PatchRelativeSmoothing 1 (SIFT and LIOP), 1.2 (Patch)

The smoothing SIGMA of the patch in the normalized feature frame. Conceptually, the normalized patch is computed by warping the image (thought as a continuous signal) by the inverse of the affine transformation (A,T) discussed above, then by smoothing the wrapped image by a 2D isotropic Gaussian of standard deviation SIGMA, and finally by sampling the resulting signal.

[F,D,INFO] = VL_COVDET(...) returns an additional structure INFO with the following members:


The peak scores of the detected features.


The edge scores of the detected features.


The peak score of the gradient orientation histograms used to assign an orientation to the detected features.


The peak score of the Laplacian measure used to select the scale of the detected features.


The Gaussian scale space (see VL_PLOTSS()).


The cornerness measure scale space (see VL_PLOTSS()).

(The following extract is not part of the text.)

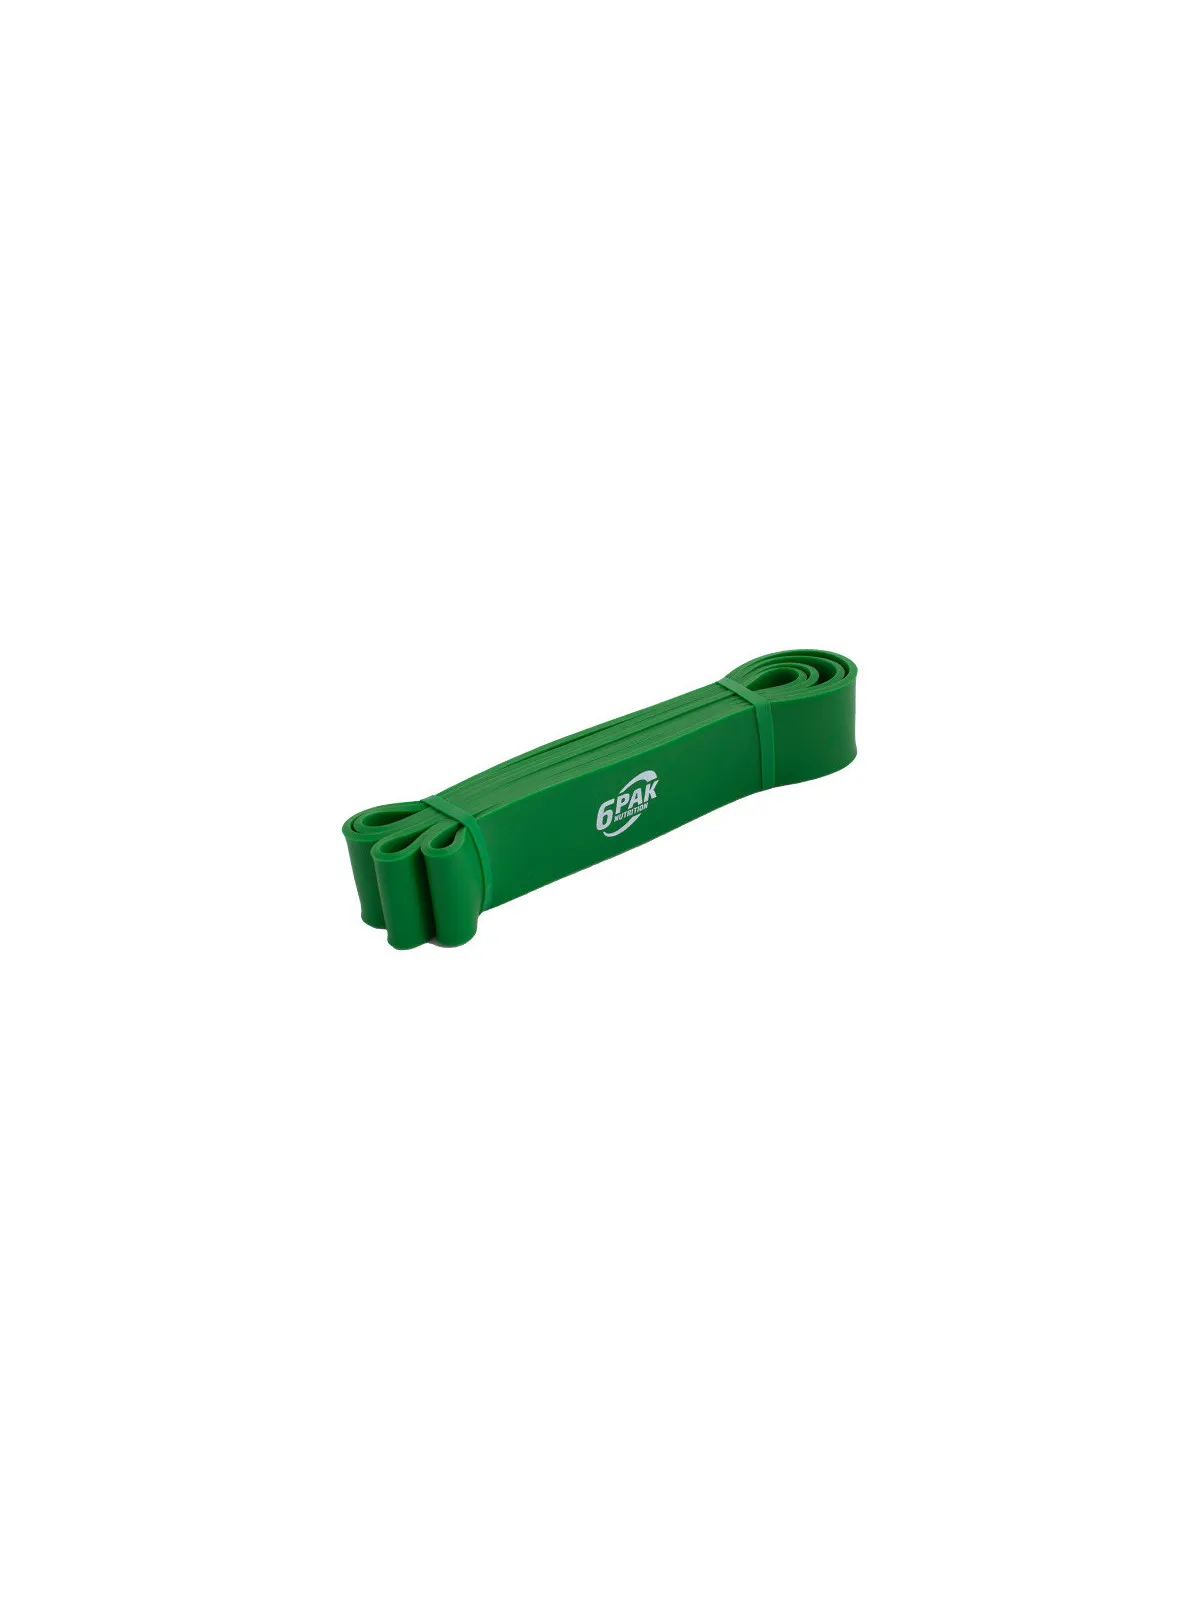 Guma oporowa zielona - opór 22-56 kg - LATEX 052 Green

In addition to the ones discussed so far, the function supports the following options:

OctaveResolution 3

The number of scale levels sampled per octave when constructing the scale spaces.

DoubleImage true

Whether to double the image before extracting features. This allows to detect features at minimum smoothing level (scale) of 0.5 pixels rather than 1.0, resulting in many more small features being detected.


If specified, it increases the verbosity level.


[1] D. G. Lowe, Distinctive image features from scale-invariant keypoints. IJCV, vol. 2, no. 60, pp. 91-110, 2004.

[2] K. Mikolajcyk and C. Schmid, An affine invariant interest point detector. ICCV, vol. 2350, pp. 128-142, 2002.